In 3.0, there's now an easier way - hook into the new motion events.

The main trick is that you need to have some UIView (not UIViewController) that you want as firstResponder to receive the shake event messages. Here's the code that you can use in any UIView to get shake events:

@implementation ShakingView

- (void)motionEnded:(UIEventSubtype)motion withEvent:(UIEvent *)event
{
    if ( event.subtype == UIEventSubtypeMotionShake )
    {
        // Put in code here to handle shake
    }

    if ( [super respondsToSelector:@selector(motionEnded:withEvent:)] )
        [super motionEnded:motion withEvent:event];
}

- (BOOL)canBecomeFirstResponder
{ return YES; }

@end

You can easily transform any UIView (even system views) into a view that can get the shake event simply by subclassing the view with only these methods (and then selecting this new type instead of the base type in IB, or using it when allocating a view).

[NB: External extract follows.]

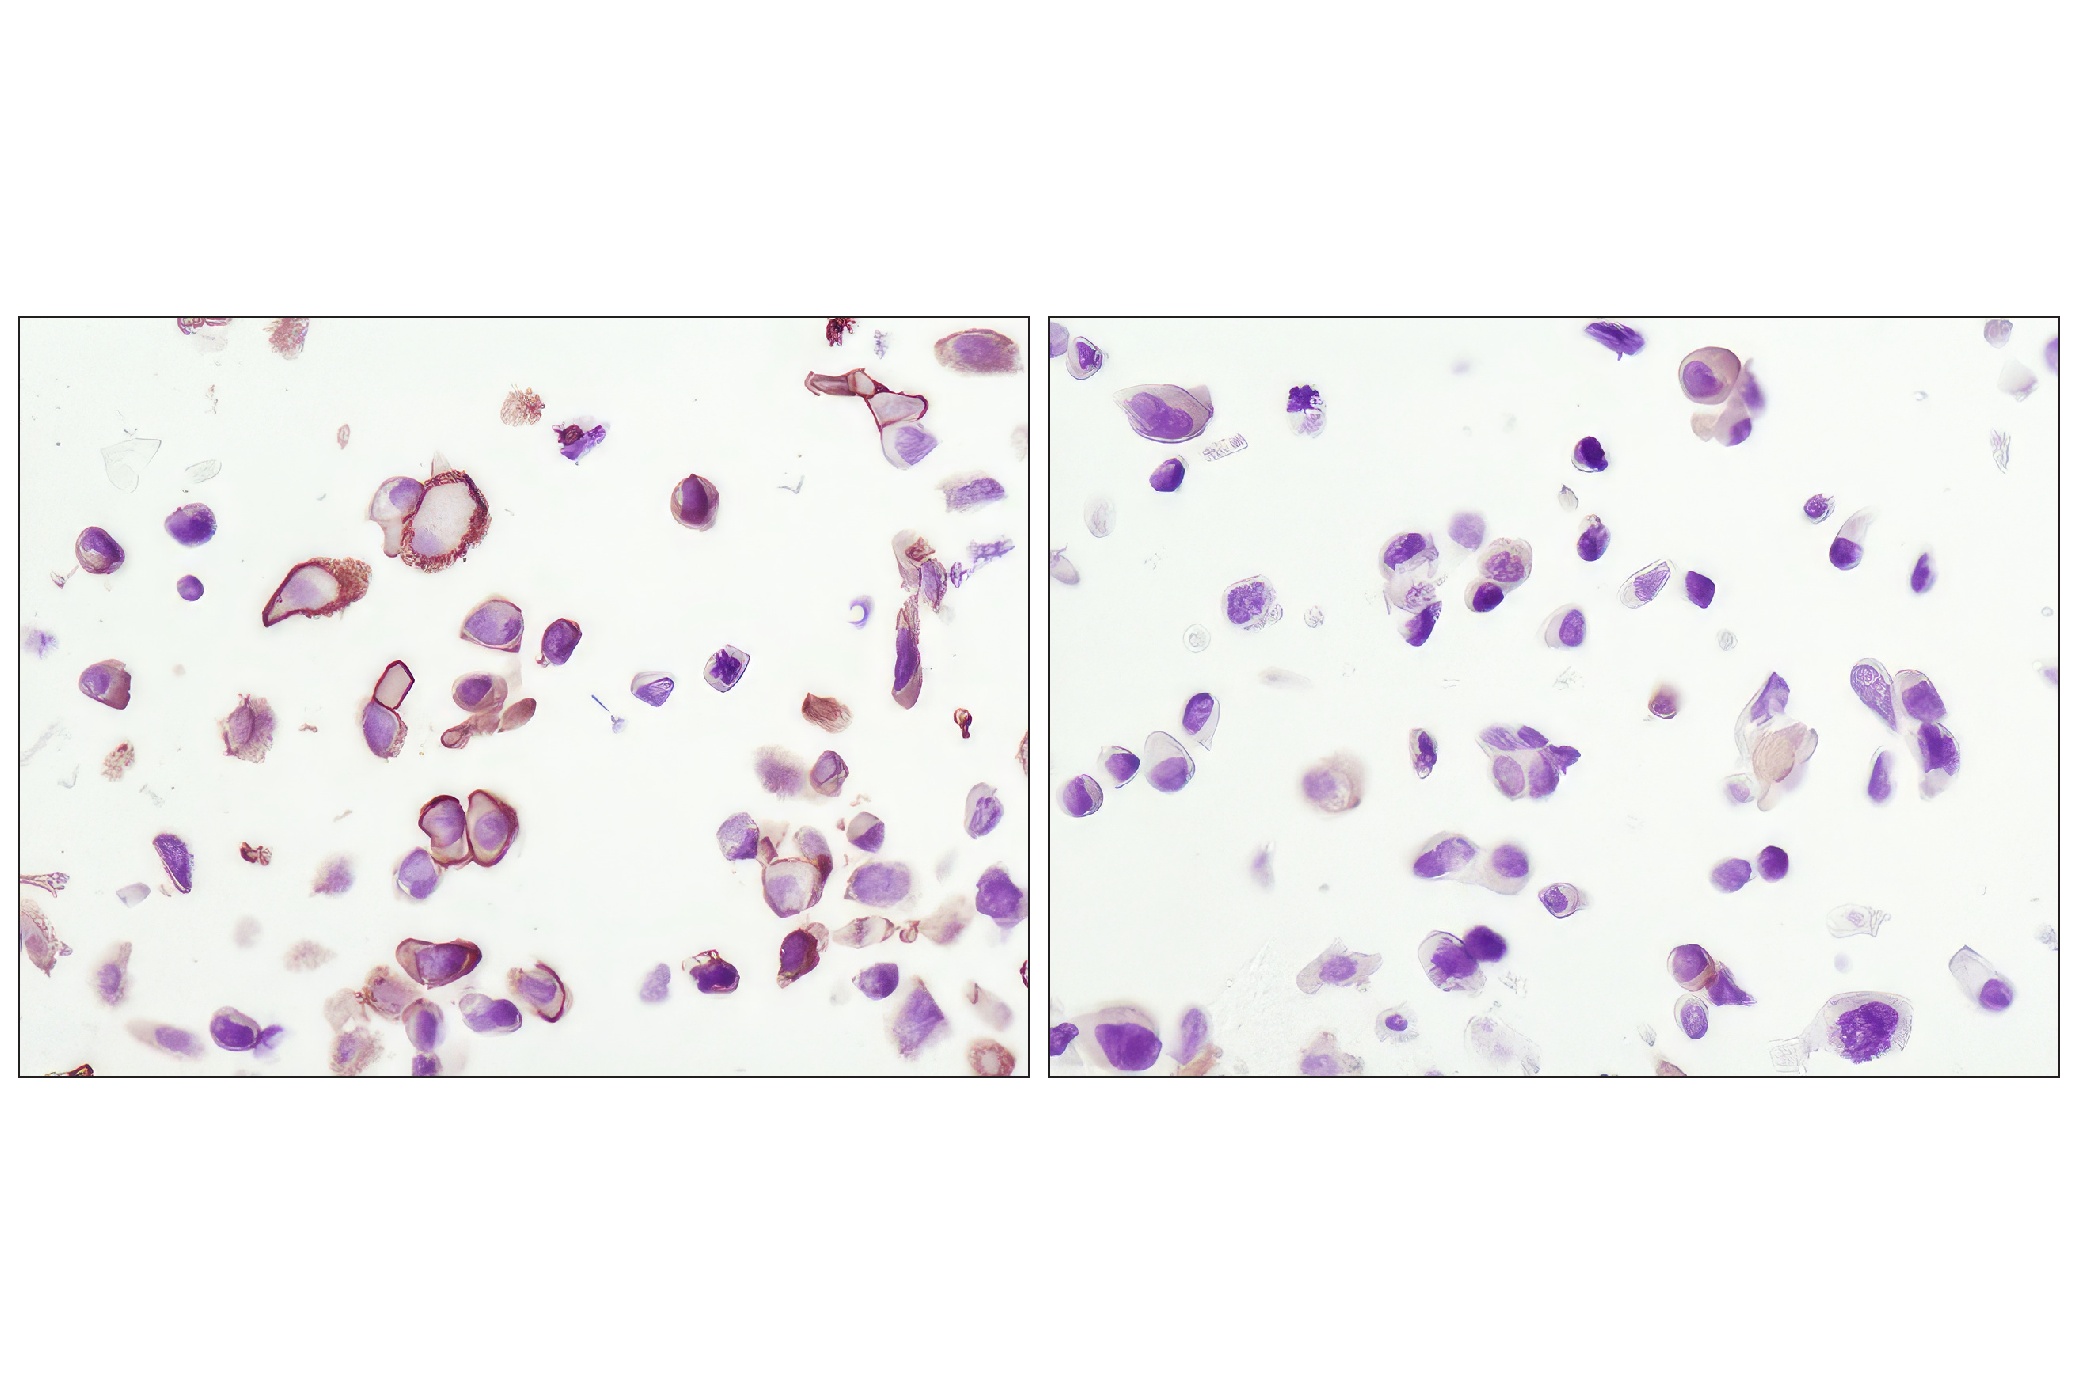  Image 25: AS160 Signaling Antibody Sampler Kit

In the view controller, you want to set this view to become first responder:

- (void) viewWillAppear:(BOOL)animated
{
    [shakeView becomeFirstResponder];
    [super viewWillAppear:animated];
}
- (void) viewWillDisappear:(BOOL)animated
{
    [shakeView resignFirstResponder];
    [super viewWillDisappear:animated];
}

Don't forget that if you have other views that become first responder from user actions (like a search bar or text entry field) you'll also need to restore the shaking view first responder status when the other view resigns!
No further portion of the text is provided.